With these choices, we have for each $\lambda_3 \leq \lambda \leq \mu$ that $S_\lambda \otimes_{R_{\lambda}} R_\mu \to S_\mu$ is a localization, $S'_\lambda \otimes_{S_{\lambda}} S_\mu \to S'_\mu$ is a localization, and the map $M_\lambda \otimes_{S'_\lambda} S'_\mu \to M_\mu$ is an isomorphism. This also implies that $S'_\lambda \otimes_{R_{\lambda}} R_\mu \to S'_\mu$ is a localization.
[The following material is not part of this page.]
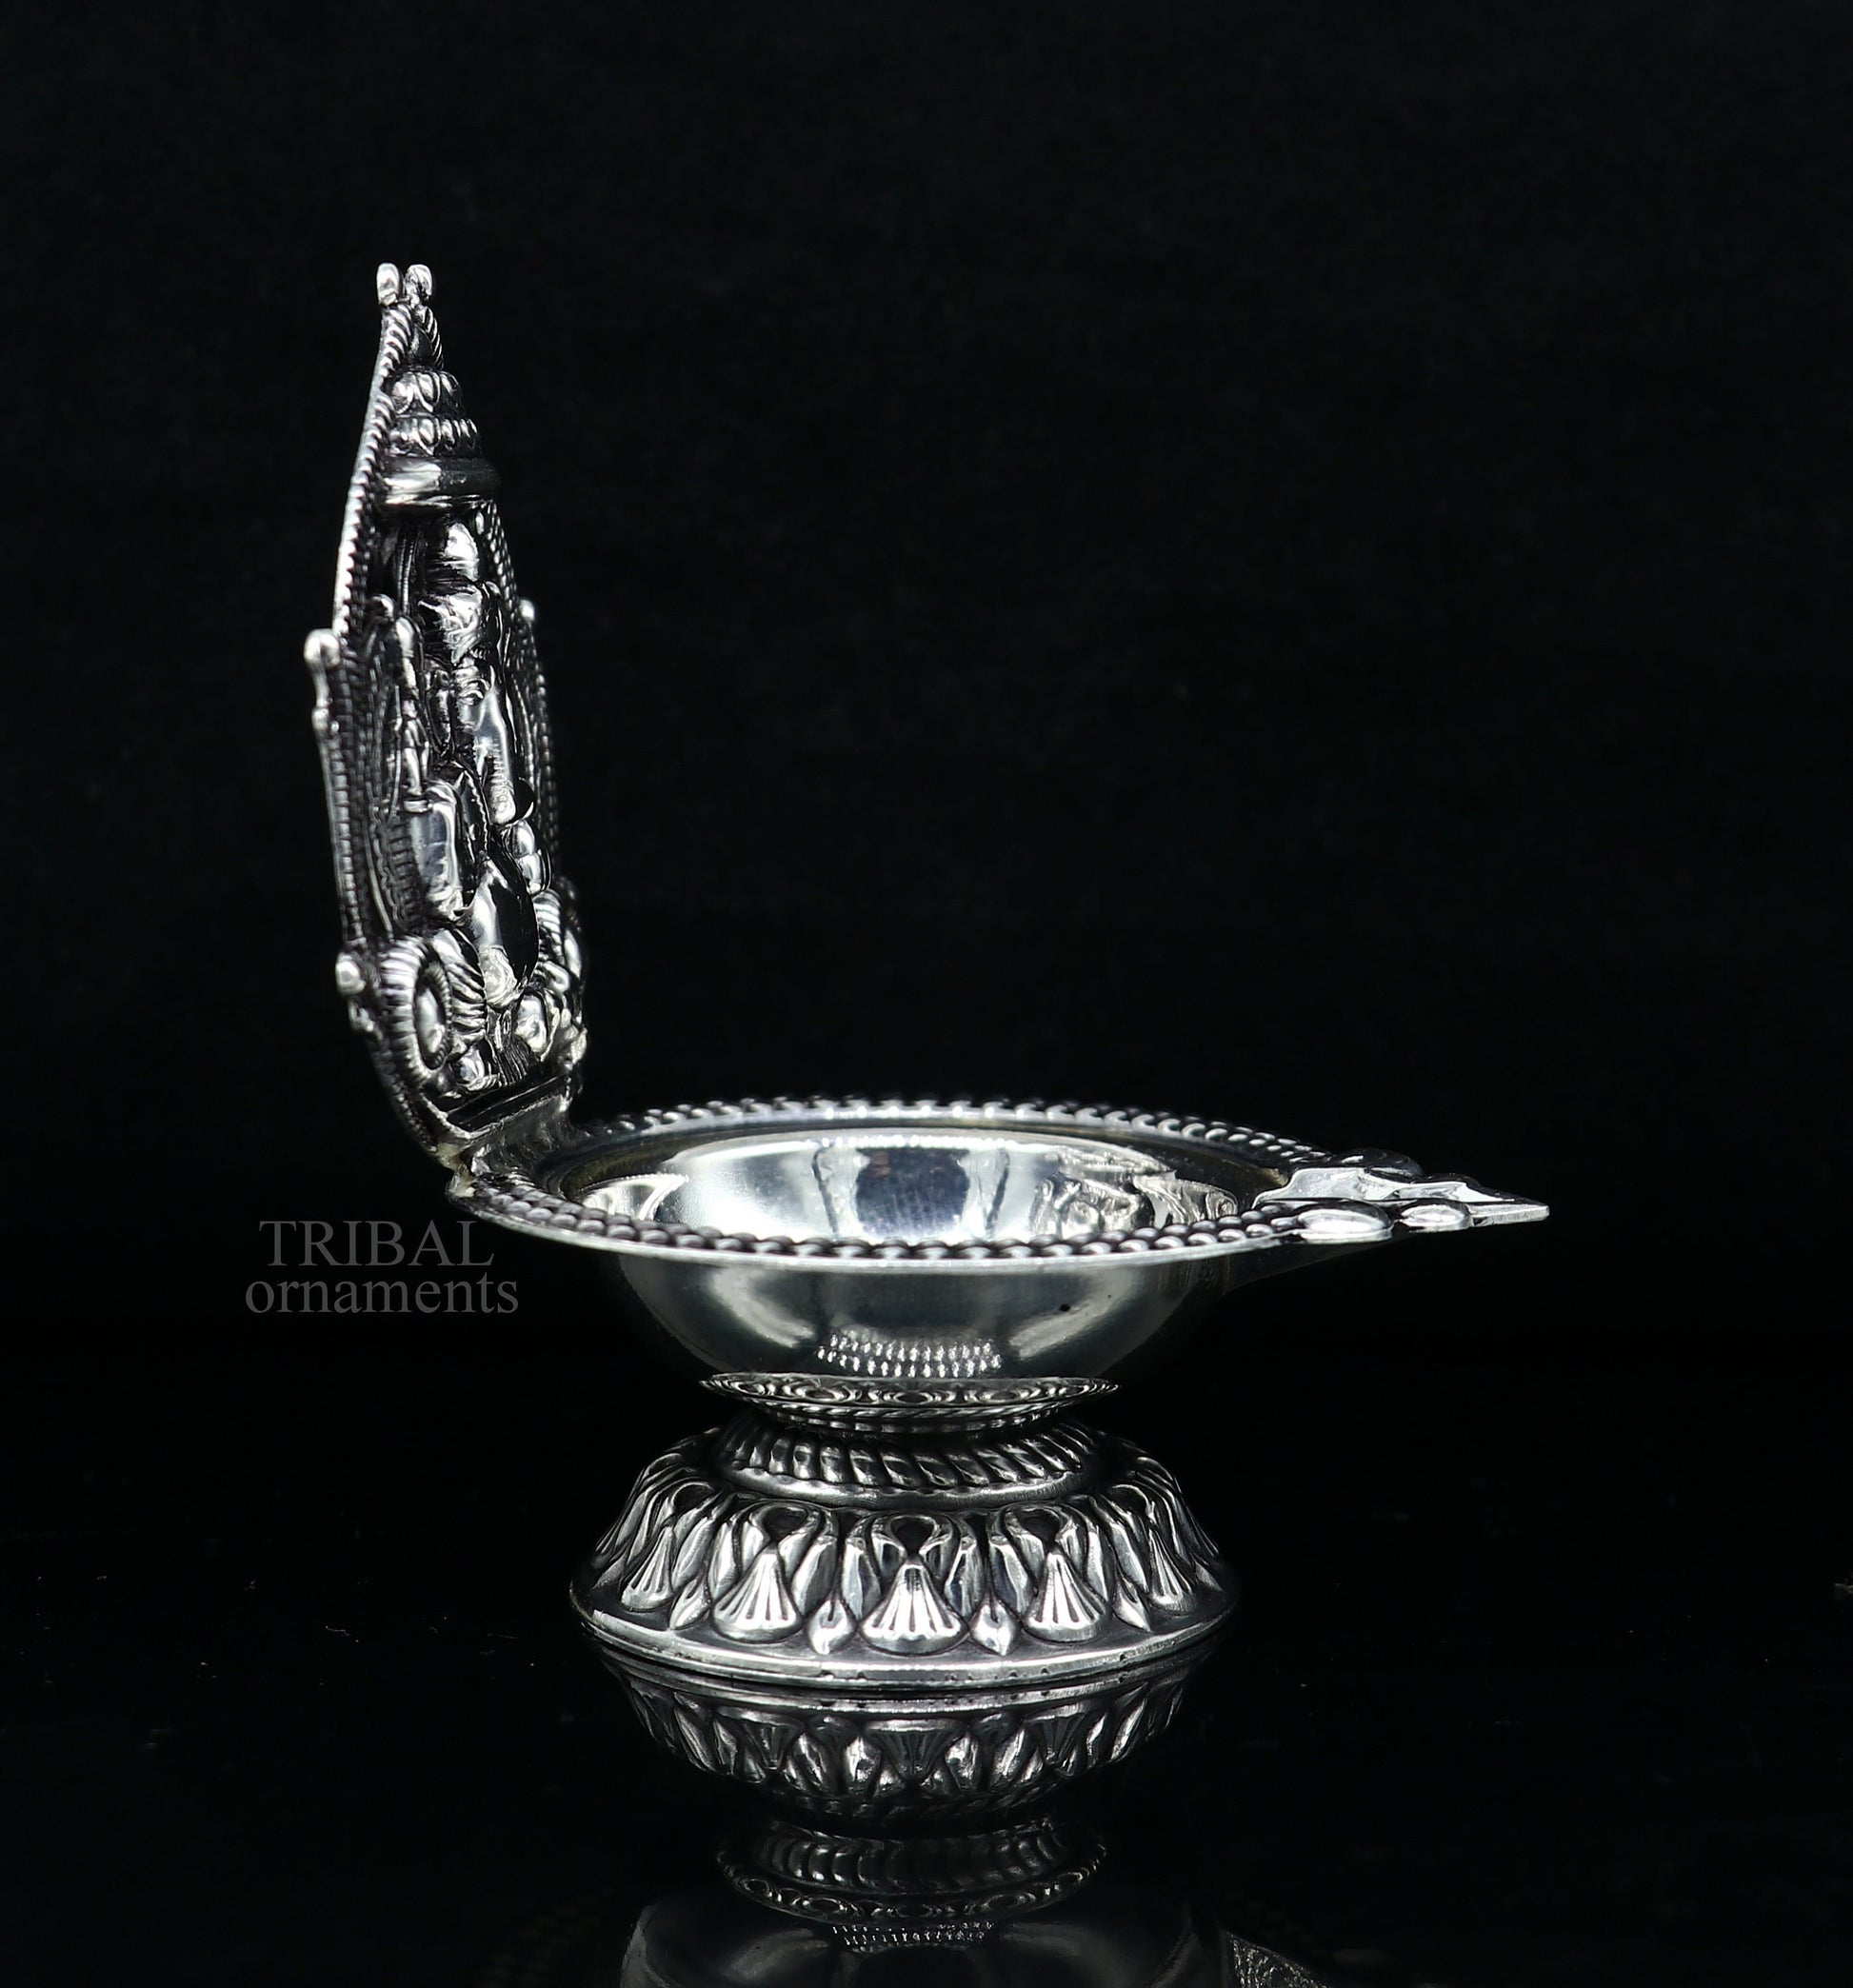 925 sterling silver vintage antique design lord Ganesha design oil lamp, excellent temple jewelry for home temple art from india su669 - TRIBAL ORNAMENTS

Thus, since $M$ is flat over $R$ we see by Lemma 10.127.3 that for all $\lambda$ big enough the module $M_\lambda$ is flat over $R_\lambda$. Moreover, note that $\mathfrak m = \mathop{\rm colim}\nolimits \mathfrak p_\lambda$, $S/\mathfrak mS = \mathop{\rm colim}\nolimits S_\lambda/\mathfrak p_\lambda S_\lambda$, $S'/\mathfrak mS' = \mathop{\rm colim}\nolimits S'_\lambda/\mathfrak p_\lambda S'_\lambda$, and $M/\mathfrak mM = \mathop{\rm colim}\nolimits M_\lambda/\mathfrak p_\lambda M_\lambda$. Also, for each $\lambda_3 \leq \lambda \leq \mu$ we see (from the properties listed above) that $$S'_\lambda/\mathfrak p_\lambda S'_\lambda \otimes_{S_{\lambda}/\mathfrak p_\lambda S_\lambda} S_\mu/\mathfrak p_\mu S_\mu \longrightarrow S'_\mu/\mathfrak p_\mu S'_\mu$$ is a localization, and the map $$M_\lambda / \mathfrak p_\lambda M_\lambda \otimes_{S'_\lambda/\mathfrak p_\lambda S'_\lambda} S'_\mu /\mathfrak p_\mu S'_\mu \longrightarrow M_\mu/\mathfrak p_\mu M_\mu$$ is an isomorphism. Hence the system $(S_\lambda/\mathfrak p_\lambda S_\lambda \to S'_\lambda/\mathfrak p_\lambda S'_\lambda, M_\lambda/\mathfrak p_\lambda M_\lambda)$ is a system as in Lemma 10.126.13 as well. We may apply Lemma 10.127.3 again because $M/\mathfrak m M$ is assumed flat over $S/\mathfrak mS$ and we see that $M_\lambda/\mathfrak p_\lambda M_\lambda$ is flat over $S_\lambda/\mathfrak p_\lambda S_\lambda$ for all $\lambda$ big enough. Thus for $\lambda$ big enough the data $R_\lambda \to S_\lambda \to S'_\lambda, M_\lambda$ satisfies the hypotheses of Lemma 10.98.15. Pick such a $\lambda$. Then $S = S_\lambda \otimes_{R_\lambda} R$ is flat over $R$, and $M = M_\lambda \otimes_{S_\lambda} S$ is flat over $S$ (since the base change of a flat module is flat). $\square$

The following is an easy consequence of the ''critère de platitude par fibres'' Lemma 10.127.8. For more results of this kind see More on Flatness, Section 37.1.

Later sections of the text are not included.